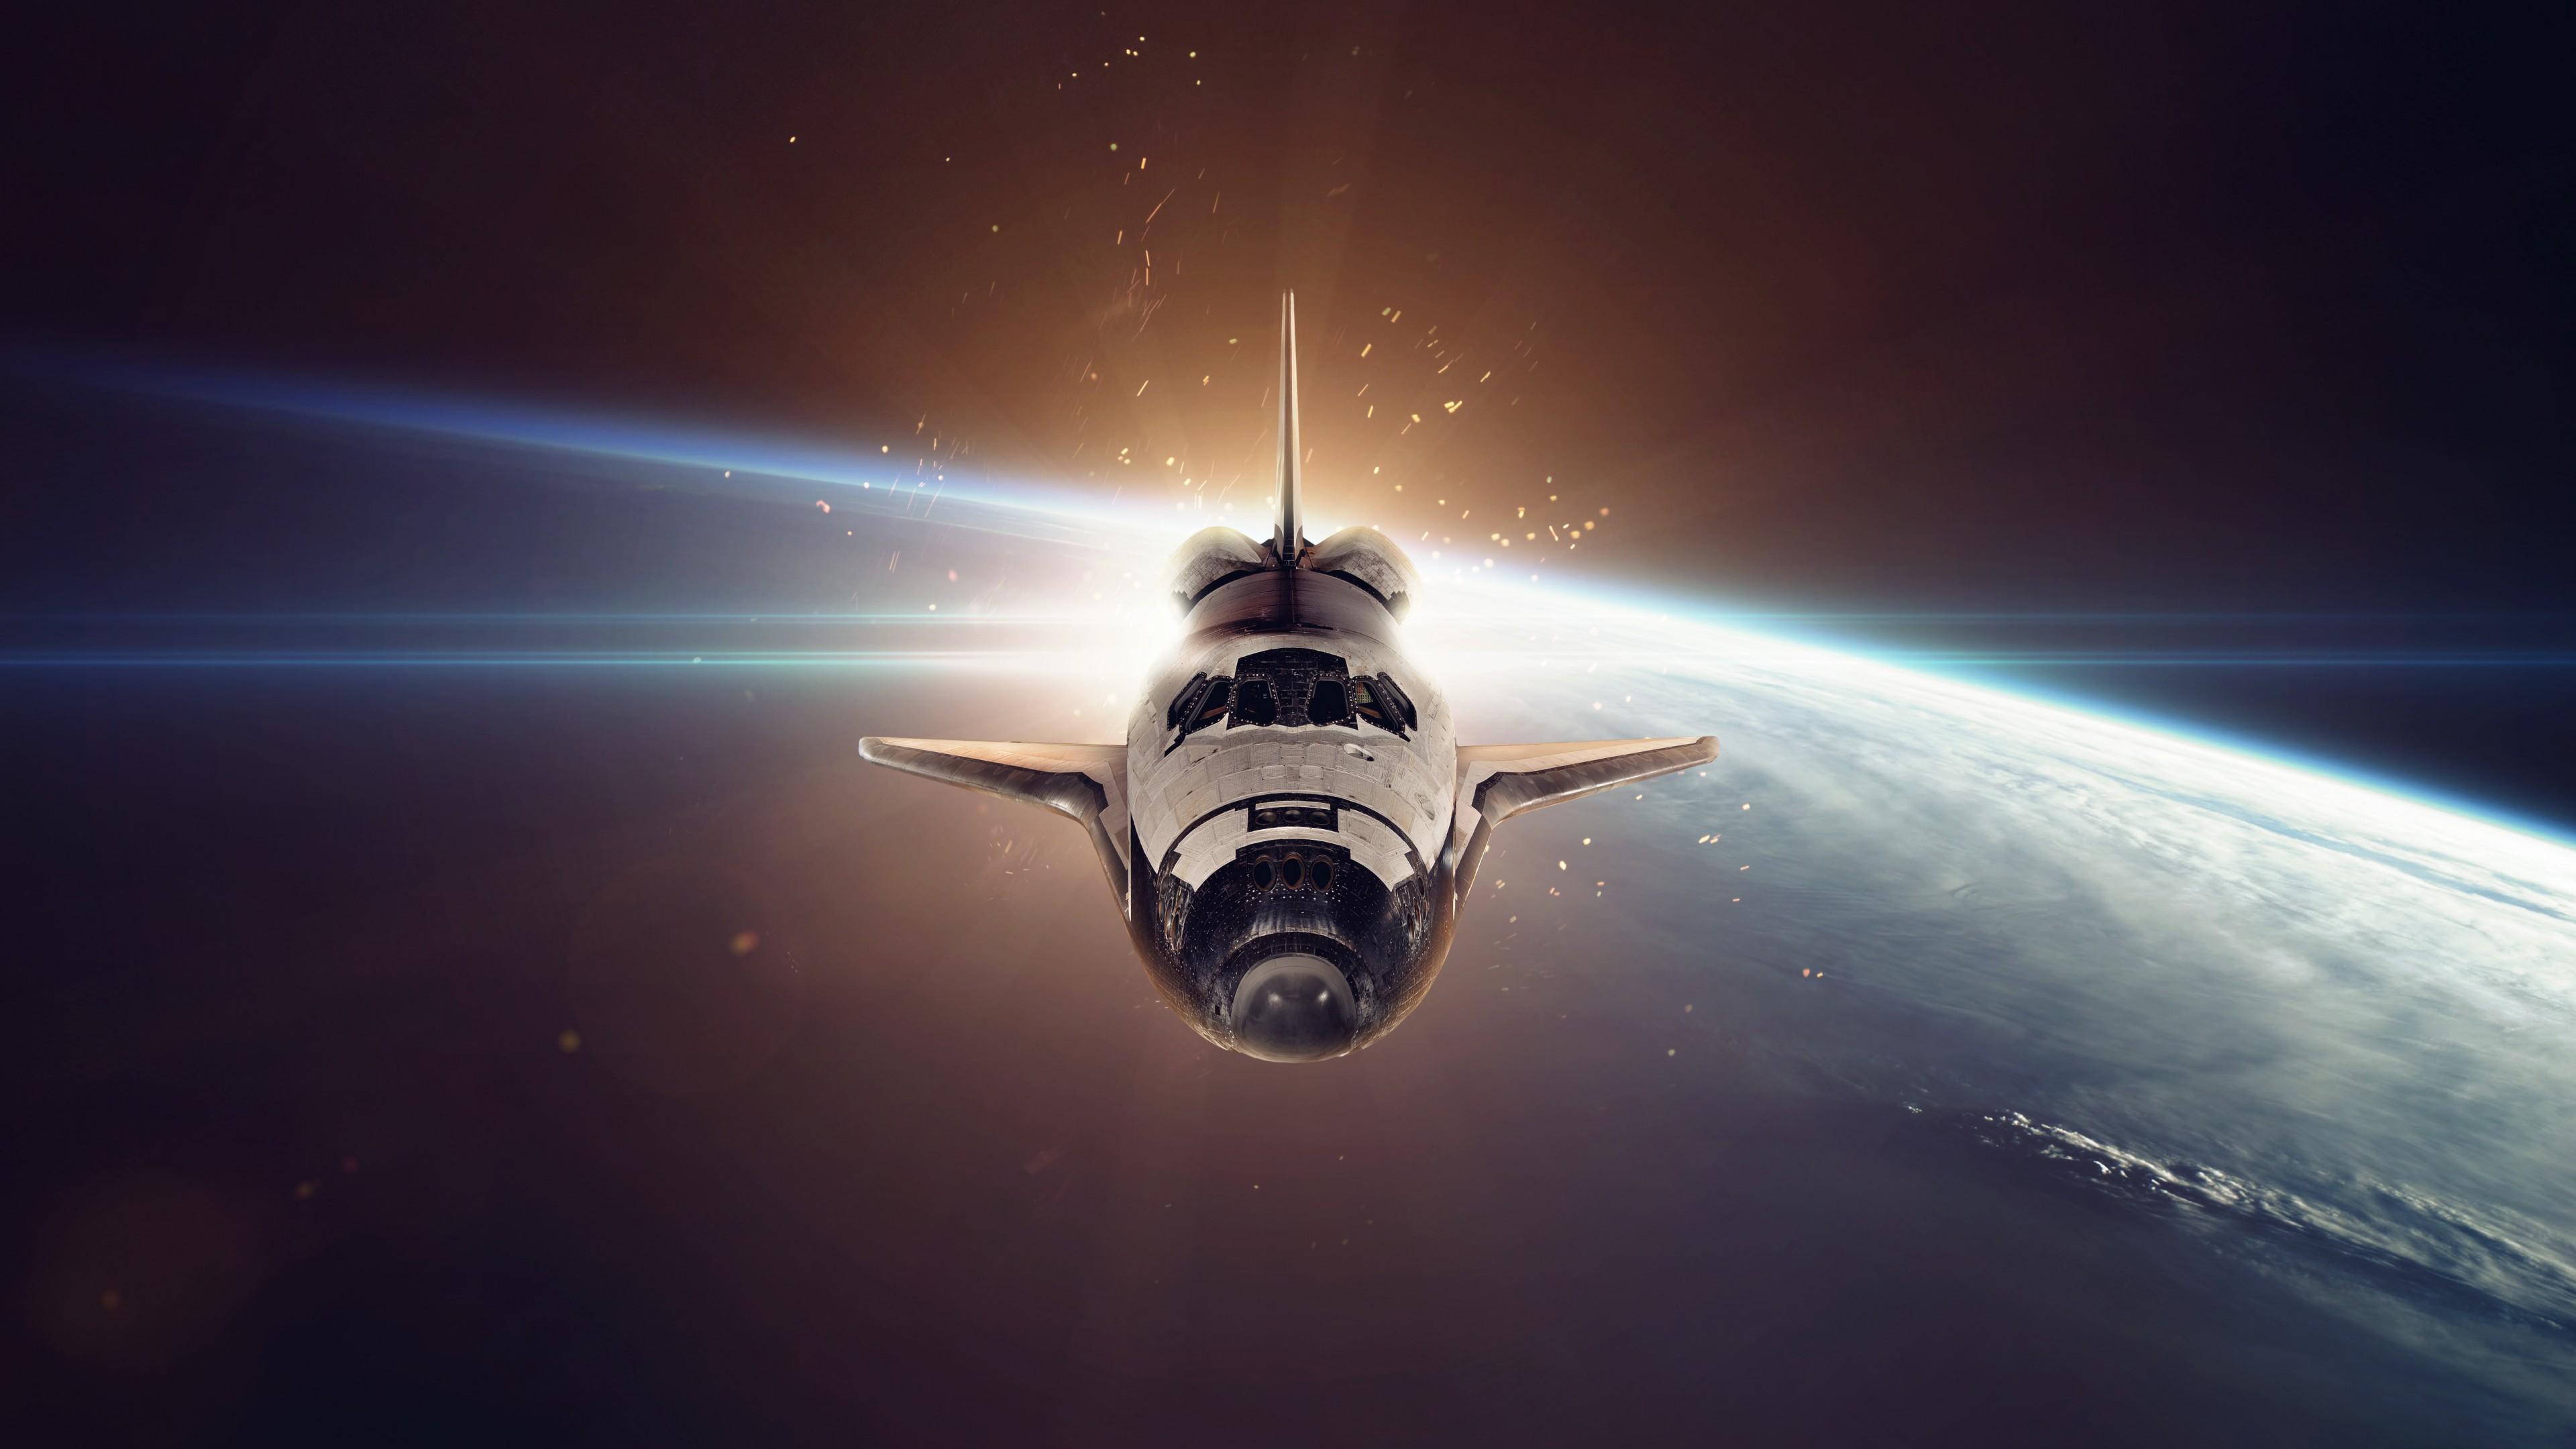 Wallpaper spaceship space galaxy 5k space 17526 - Spaceship wallpaper 4k ...
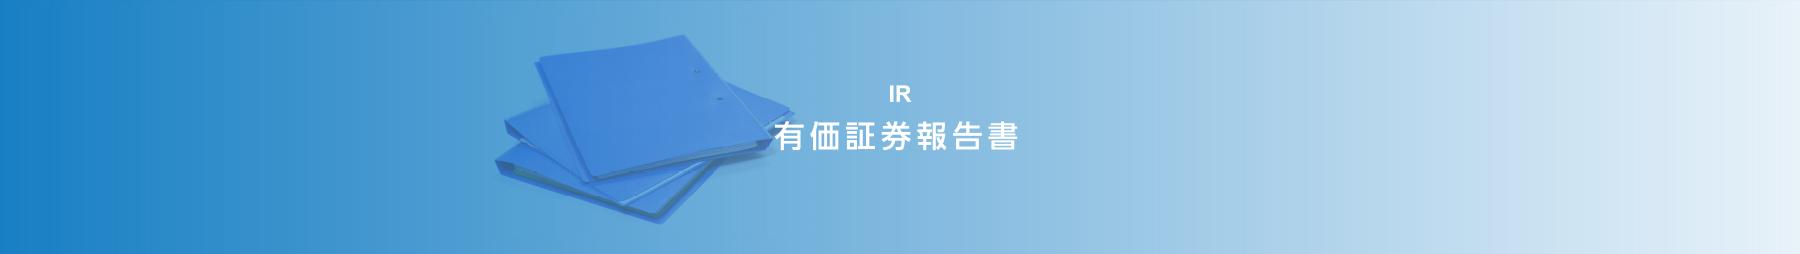 IR 有価証券報告書
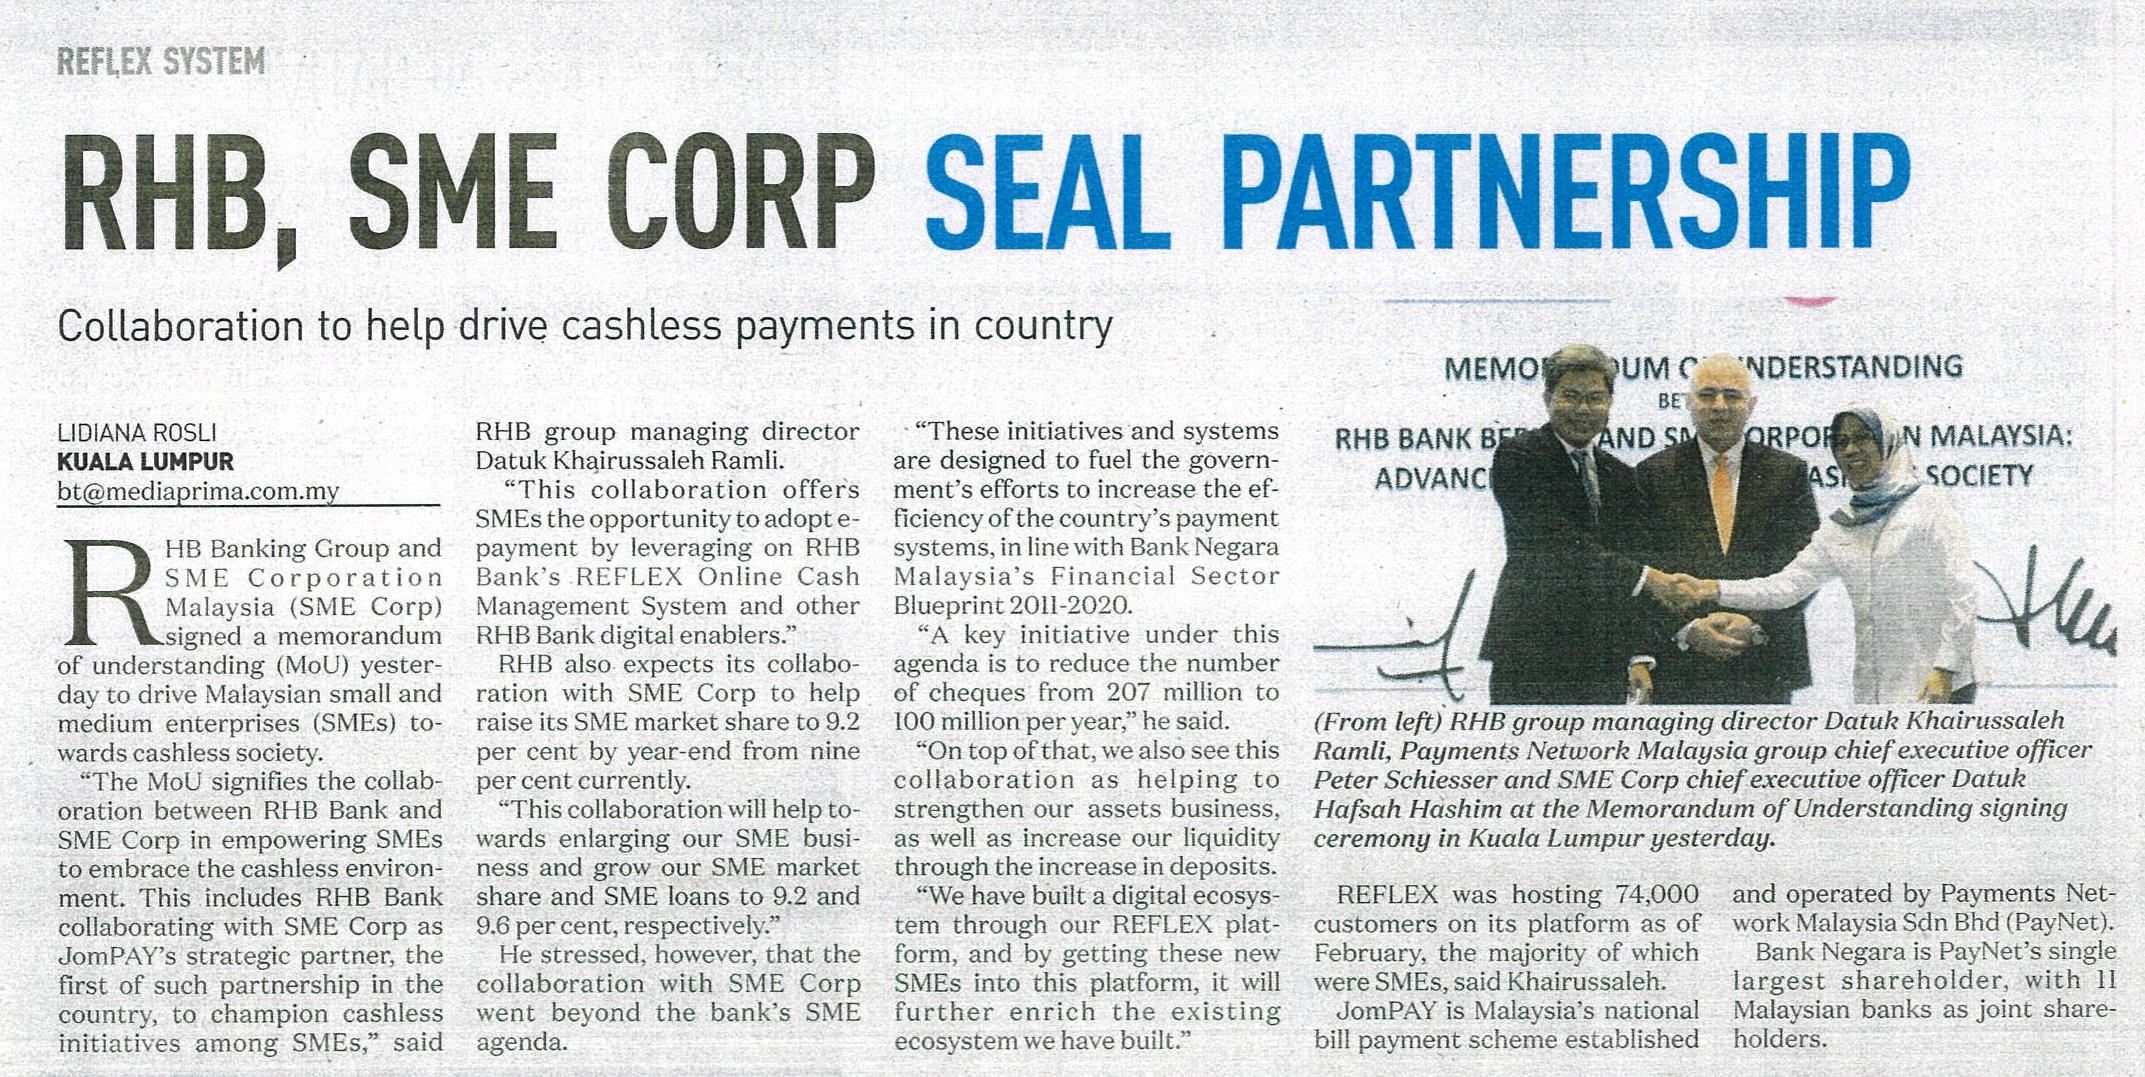 SME Corporation Malaysia - RHB, SME Corp  seal partnership
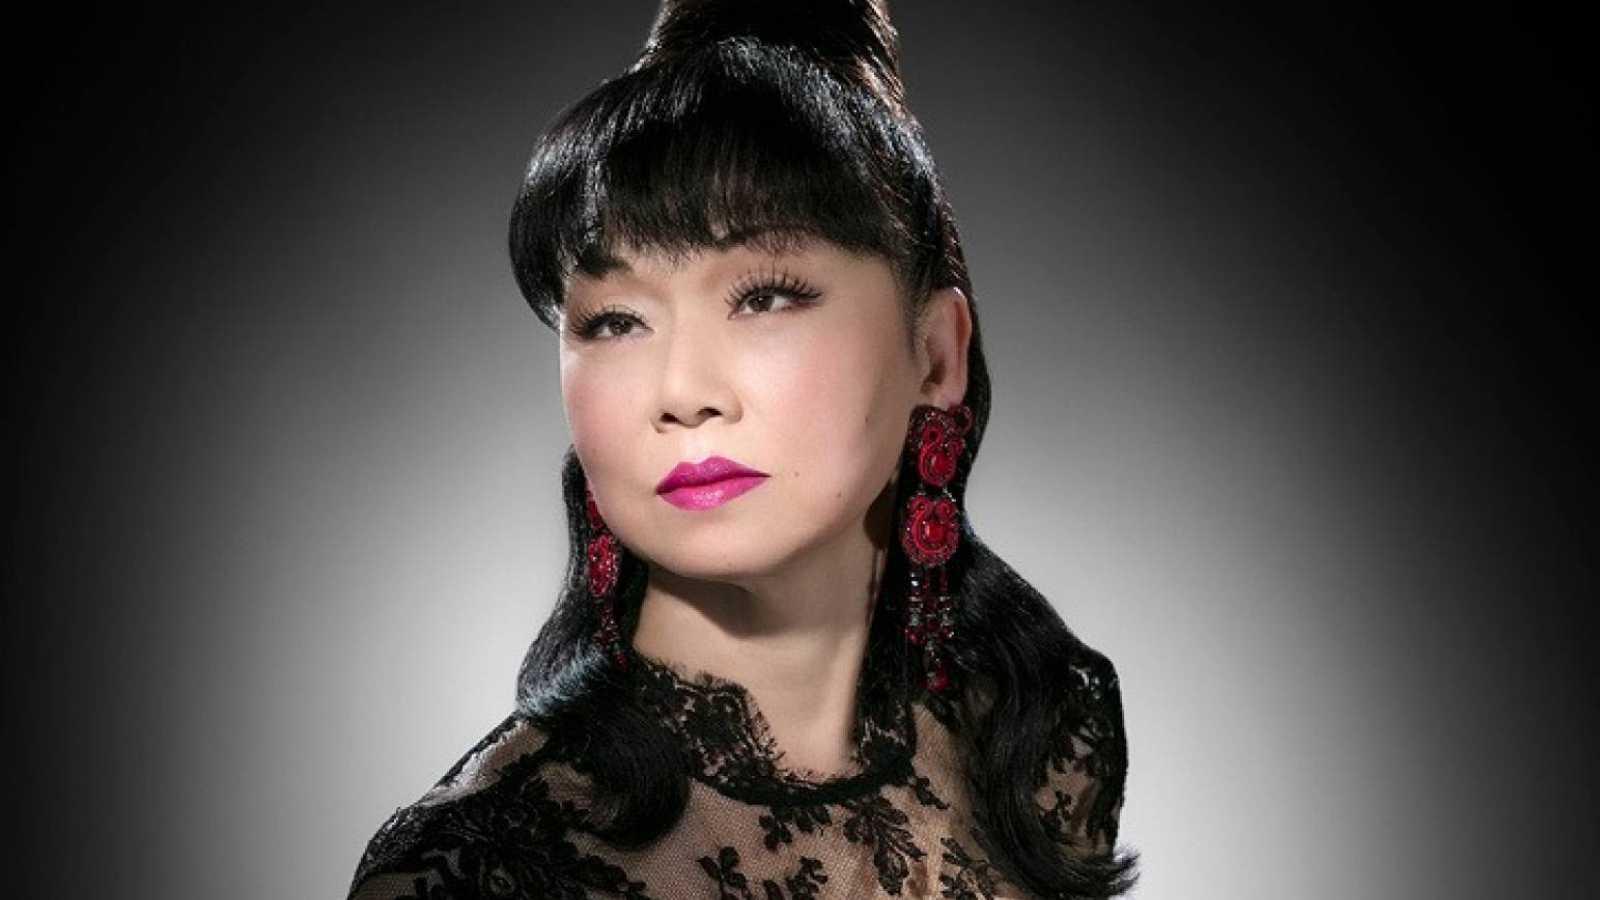 Concert de Kazuko Matsumoto à l'Olympia ce soir!

------

* **Problem to work on**
A faithful copy of the data above is wanted, with every image left out.

* **Written answer**
 Wallpaper spaceship space galaxy 5k space 17526 - Spaceship wallpaper 4k ...
 IR 有価証券報告書
 SME Corporation Malaysia - RHB, SME Corp  seal partnership
 Concert de Kazuko Matsumoto à l'Olympia ce soir!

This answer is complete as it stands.